Покорители шторма. Бриз - страница 4
Коляска к дому была подана через несколько минут. Аэртон успел спуститься на улицу, недовольно повел ноздрями, пытаясь поймать аромат сдобы из пекарни, но привычно ничего не почувствовал. Впрочем, с завтраком можно было попрощаться, как и с обедом.
Его доход давно позволял снять в Центре небольшой домик с собственной конюшней, но Аэртон считал, что как профессиональный сыщик он не должен светиться, к тому же находиться поближе к простому народу полезнее, все время держит в тонусе и не позволяет расслабиться.
Водрузив на голову широкополую шляпу с серебряной пряжкой, он зябко повел плечами и забрался в коляску. Подле него тут же уселся неизменный Кортон. Габбс, от которого отчетливо тянуло вечерней брагой, щелкнул кнутом, и коляска тронулась с места, набирая скорость.
Габбс отчаянно ругался на зазевавшихся прохожих и на нерадивых чужих кучеров, призывая на их головы страшные проклятия. В ответ ему неслись хлесткие ругательства и пожелания самых мучительных смертей, известных в мире. Аэртон откинул голову на подушку и закрыл глаза.
***
Ночью Карась почти не спал, а если срывался в дрёму, то его почти сразу выдергивала оттуда вонь сточных канав и помойки, в которую примешивался из сна запах крови. Карась вертелся с боку на бок, стучал зубами, натягивал на уши драный камзол, служивший ему одеялом, но сон не шёл, а мысли одолевали такие, что только держись.
Он понимал: все те люди, с которыми он знается в новой, уличной жизни, наплевали бы на просьбу профессора и постарались как можно быстрее забыть о ней, но Карась не хотел быть похожим на этих людей. Вообще-то он старался быть хорошим, таким, как родители.
Ну да, сейчас ему приходится воровать, потому как иначе не выжить, но когда он станет постарше, когда его охотней начнут брать на работу в порту или где-нибудь еще… Тогда он точно сможет быть таким же добрым и честным, как его отец и мать. И Карась с негодованием гнал мысли о том, что родителей сгубила как раз чрезмерная честность — быть может, в ином случае они сумели бы добыть денег на хорошего врача и лекарства, и мать осталась бы жива, а отец вообще никак не коснулся бы этой истории с грабежом и не погиб от удара меча.
Карась вертелся и вертелся, смотрел то на мутные звезды в затянутом дымкой небе, то на силуэты домов, черные у земли и серые — в вышине, где они смешивались с дымкой, закрывающей звезды.
Он знал, что не отмахнется от последней просьбы Мареля дель Бриза.

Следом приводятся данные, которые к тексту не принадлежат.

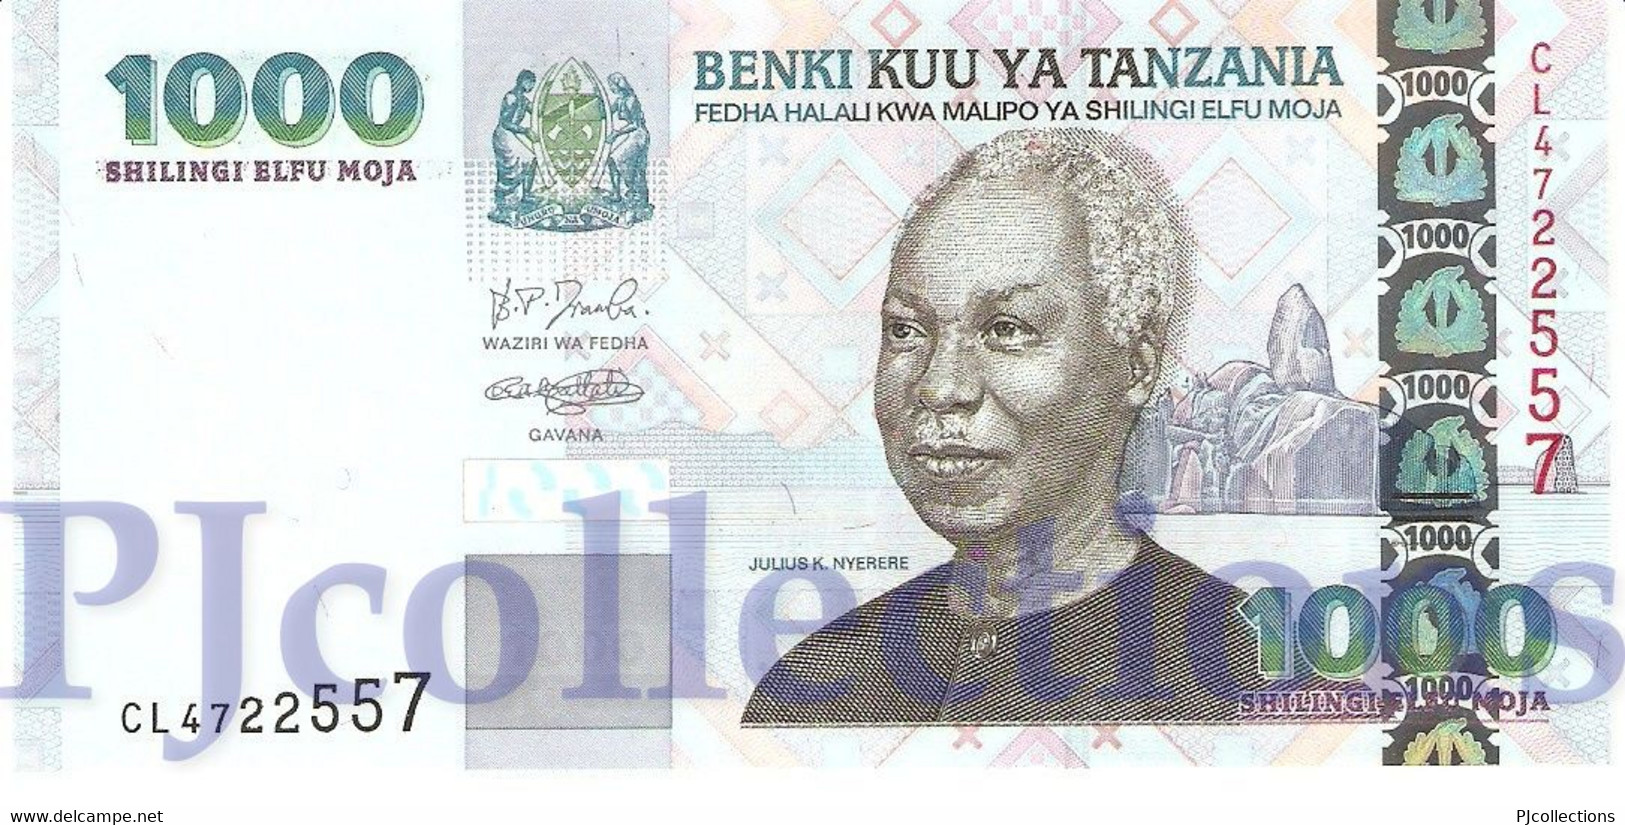 TANZANIA 1000 SHILINGI 2006 PICK 36b UNC - Tanzania

Не сможет. Не захочет. Потому что профессор умирал так же, как его отец, но, в отличие от отца, успел взять Карася за руку и сказать последние слова. Потому что впервые за год Карася о чем-то попросили, а не приказали, не выругали, не погнали прочь, и пренебречь этой просьбой — значит, сделать еще один шаг туда, в плохую сторону, а это всё равно что плюнуть на прах родителей.
Конечно, он не пойдет к расследователям, он же не дурак. Те с радостью повесят убийство на него, никому не нужного бродяжку, а сверху набросают еще кучу преступлений помельче, с которыми не могут разобраться, и тогда Карась закончит свои дни на виселице, что ему вовсе даже ни к чему. По той же причине он не пойдет к дому профессора — ошивающегося рядом мальчишку могут заметить, запомнить, а внутрь Карасю всё равно не пробраться. И почему он не забрал ключ из кармана Мареля? А впрочем, может, и к лучшему, что не забрал — где именно в доме живет профессор, Карась понятия не имел.

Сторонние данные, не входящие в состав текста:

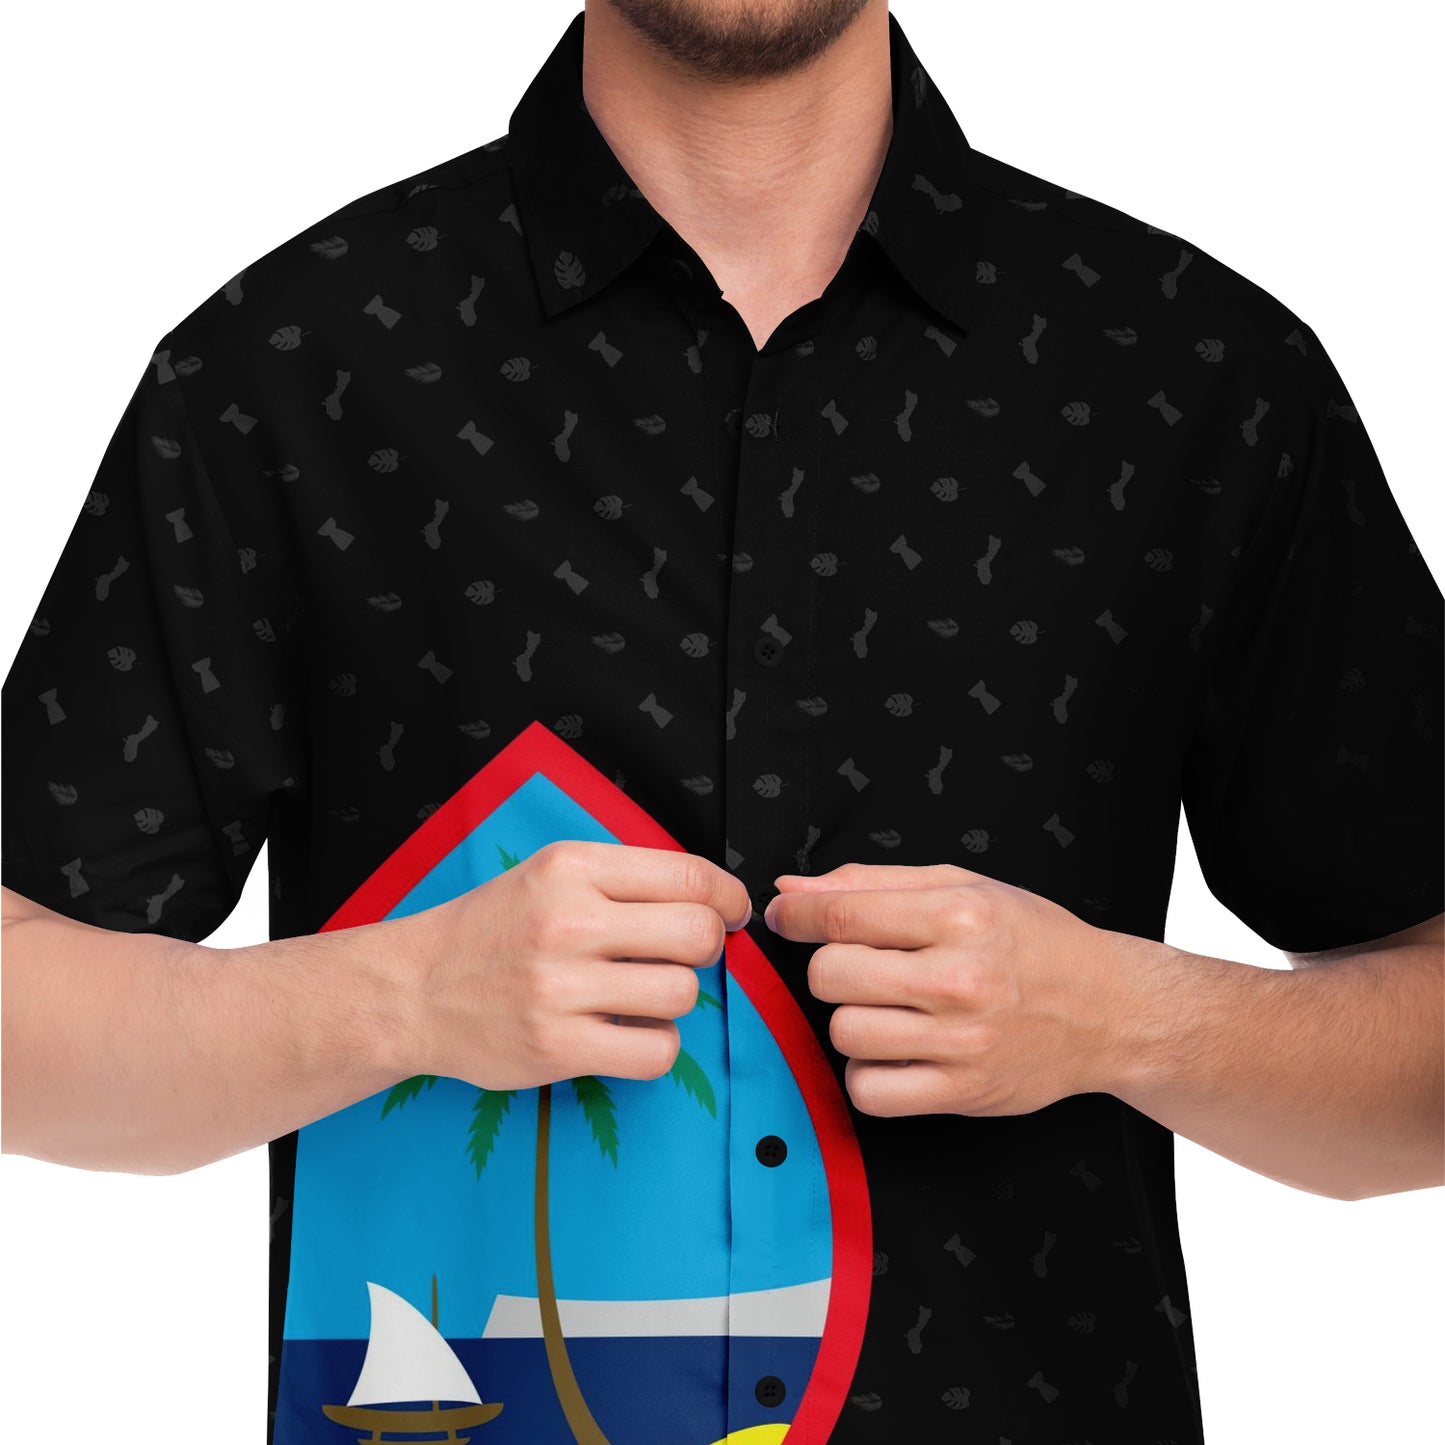 Guam Seal Black Button Down All Over Print Shirt

Значит, остаётся Академия.
Карась так и сяк вертел в голове ситуацию, но неизменно приходил именно к этому выводу и тогда в ужасе зажмуривал глаза, нырял под одеяло и мотал головой. Пробраться в Академию! В такую неприступную Академию — не потому что её охраняют или еще что-то подобное, а потому что вся она — из какого-то другого мира, невозможно прекрасного, в котором люди не голодают и не идут на всякие низости, а учатся быть умными и благородными и вырастают в отважных покорителей вод и пучин!
Что за безумие приходит ему в голову! Где этот мир и где он, Карась?
***
Жайкоб дель Бриз, седой поджарый старик с густыми курчавыми бакенбардами, поднялся Аэртону навстречу, лишь только секретарь объявил его. Командор вышел из-за стола, заваленного книгами и бумагами, ухватил Аэртона за руку и усиленно затряс ее, словно собирался вырвать из плечевого сустава.